И я прочитала ему строчки из книжки, более чем уверенная, что он не ответит.
— Симонов и Ахмадулина, — без запинки выпалил мой папа-физик. — А что?
Почувствовав легкий укол самолюбия, я пробормотала: «Спасибо. Просто так спросила», и отправилась размещать розу. Ей приглянулось северо-восточное окно. Когда на розе появились бледно-кремовые бутоны, духи, действительно, были не нужны. Вера была права! Запах в комнате пропитывал вещи и преследовал на улице! От него было весело на душе и чуть кружилась голова. И Верина книжечка уже не пахла мышами.
Розе была отпущена долгая жизнь. У меня было потом много роз — штамбовых, полиантовых, плетущихся. Но ни одна из них не пахла так пронзительно, так невыразимо прекрасно.
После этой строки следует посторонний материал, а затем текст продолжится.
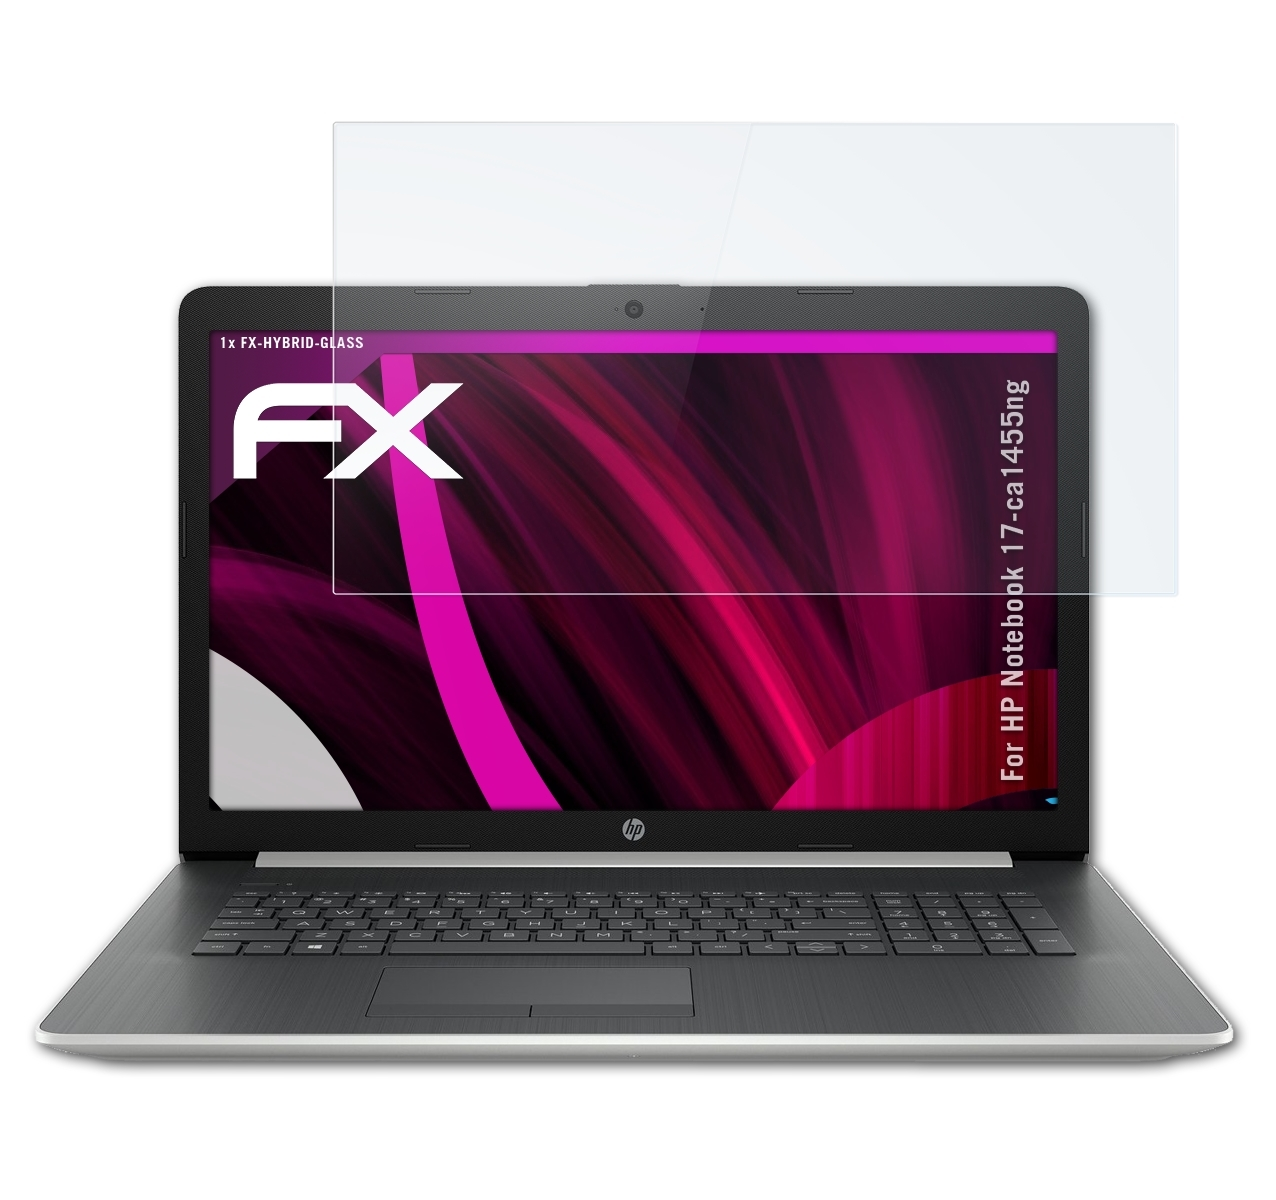 17-ca1455ng) ATFOLIX Notebook FX-Hybrid-Glass Schutzglas(für HP
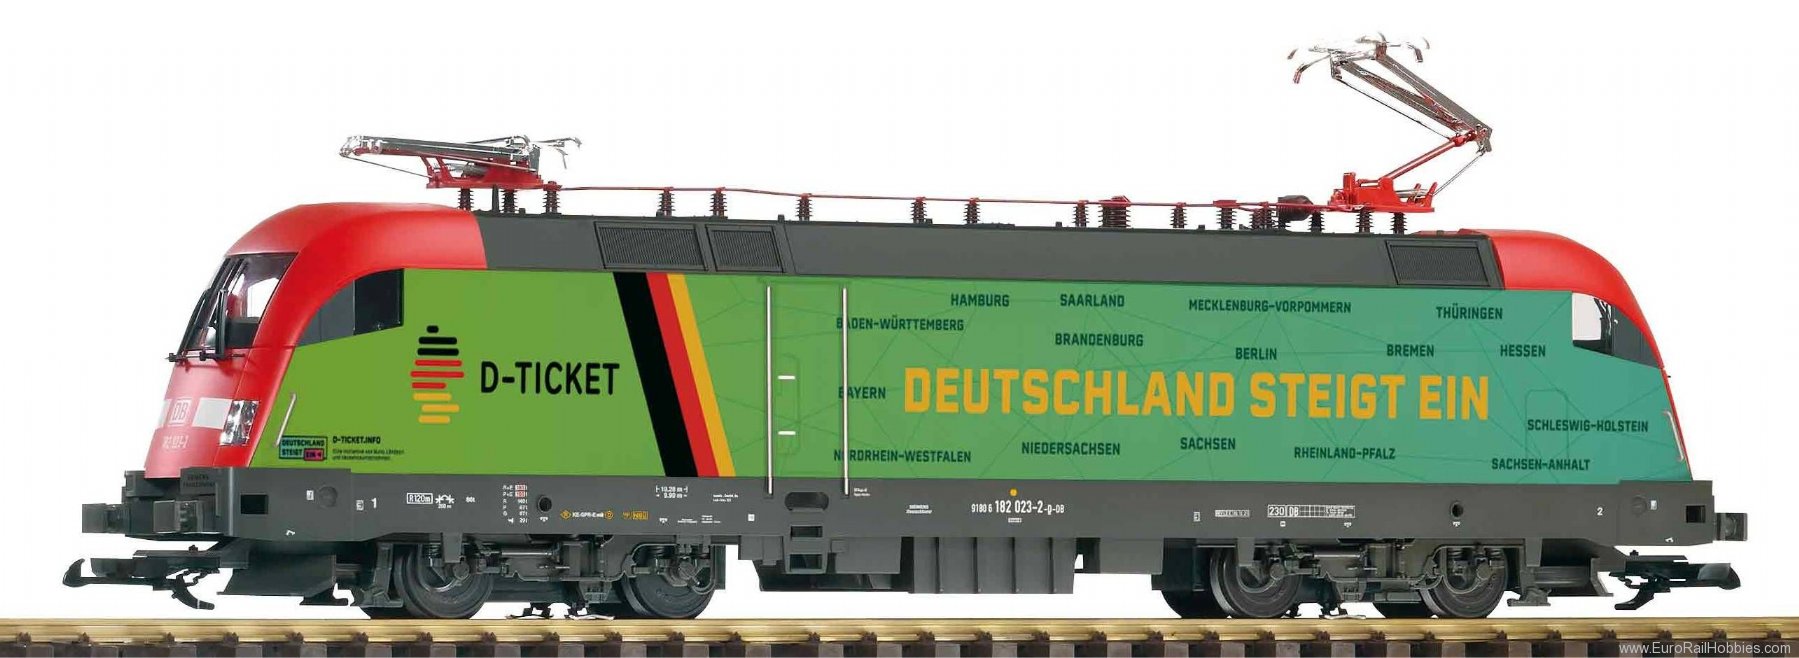 Piko 37401 G Electric locomotive Taurus Germany ticket D

«Труднее переживать несбывшееся чем несбыточное». Эти слова не давали мне покоя. Я думала о них со смутным чувством тревоги. Может, потому, что они завораживали непонятностью. А может, потому, что мера скорби еще не была определена для меня и радость бытия была огромна. Так пусть же ни у кого из нас не будет несбывшегося! А несбыточное, оно и есть несбыточное. Грустить о нем не стоит.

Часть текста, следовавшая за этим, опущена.